Many occupational hygienists would agree that on-tool measurements are a more accurate reflection of determining process-specific HAV exposure levels (conditions created when using a specific tool to carry out a specific job on a specific material). This is in comparison to the manufacturer’s declared vibration emissions values, which are examined under laboratory conditions and tend to be representative of the average amount of vibration generated from the main applications of the tool.
Nevertheless, although on-tool measurements arguably provide more accurate readings of vibration exposure levels, the subsequent control measures applied would be the same if both these measurements and the manufacturer’s data were to produce the same general range of vibration magnitudes. As long as the employer has sourced the general range of the tool’s expected vibration magnitude during that process, both the manufacturer’s data and on-tool measurements can provide the information needed to sufficiently assess the level of risk and control measures required. In either case, the principle of ALARP remains of paramount importance.
How can I control my employees’ level of exposure to HAV?
Employers can prevent overexposure to HAV among their employees by applying a number of different control measures, including:
- Avoiding exposure altogether by applying alternative working methods that eliminate the need for vibratory equipment;
- Implementing a ‘buy smooth’ policy to ensure that only equipment that offers the lowest vibration magnitude levels possible is purchased;
- Limiting the duration and magnitude of vibration exposure as far as is reasonably practicable;
- Placing equipment on an appropriate maintenance programme;
- Providing rest facilities that allow workers a sufficient amount of time to rest and warm up between periods of HAV exposure;
- Encouraging employees to massage and exercise their fingers during work breaks;
- Training employees on the correct usage of equipment to raise awareness on how to minimise levels of exposure;
- Providing clothing that protects the worker from cold and damp so as to encourage good blood circulation;
- Encourage the worker to quit smoking as this reduces circulation of blood to the fingers.
How useful is continual monitoring when it comes to assessing HAV exposure?
There is no legal requirement to undertake on-tool measurements for HAV, let alone carry out continual exposure monitoring.
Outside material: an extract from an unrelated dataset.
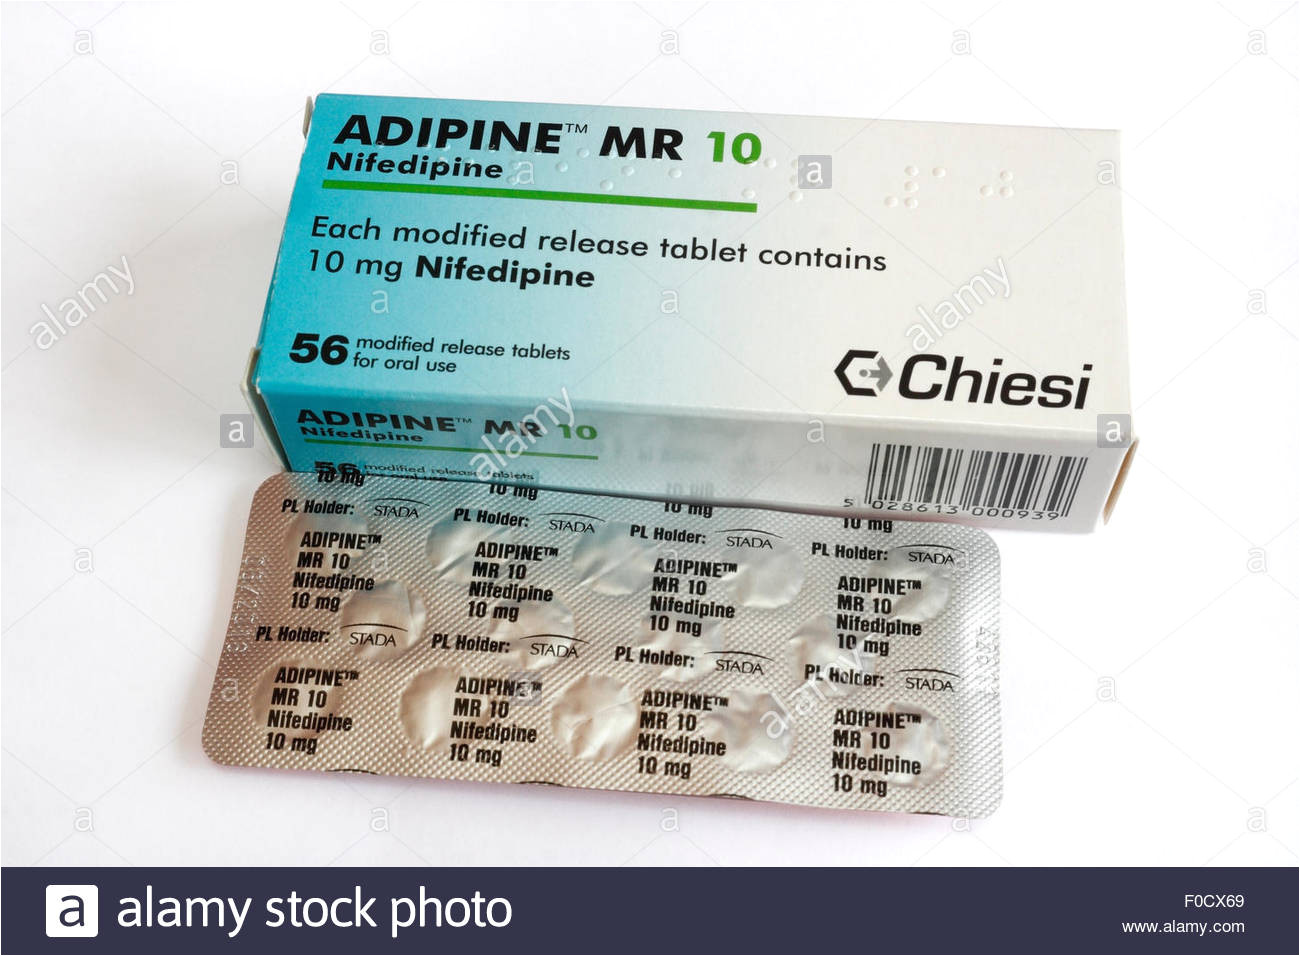 adipine herr tabletten calcium antagonisten nifedipin f0cx69 jpg
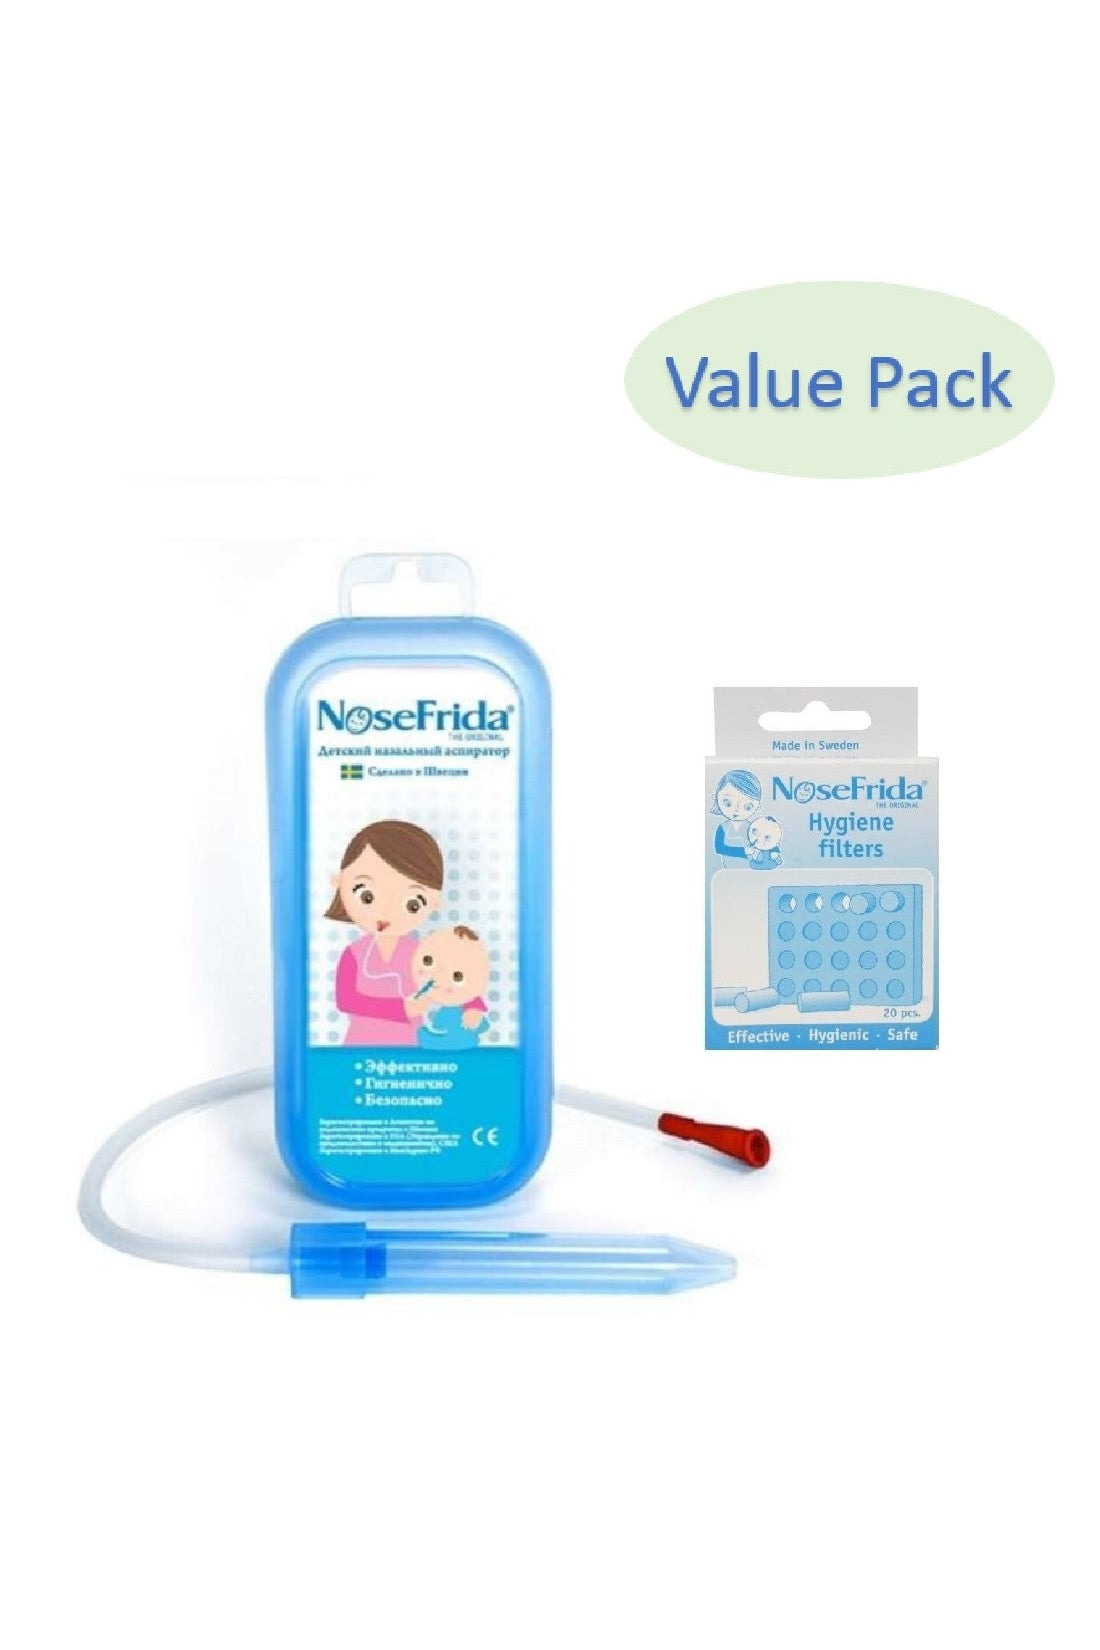 Nosefrida Nasal Aspirator Replacement Hygiene Filters - 20 pack

While the Control of Vibration at Work Regulations require the employer to assess an employee’s daily exposure to vibration, this does not mean that assessment of exposure levels should be undertaken on a daily basis.
Continual monitoring is generally only required in a specific set of circumstances, such as when workers have restrictions placed on their level of vibration exposure following medical advice, or when emergency work involving vibration exposure is necessary. However, it is worth noting that continual monitoring cannot by itself demonstrate control of exposure levels, and may actually provide a log of instances whereby the EAV had already been exceeded. Instead, employers should focus on the implementation and management of control measures that eliminate and/or substitute HAV exposure levels.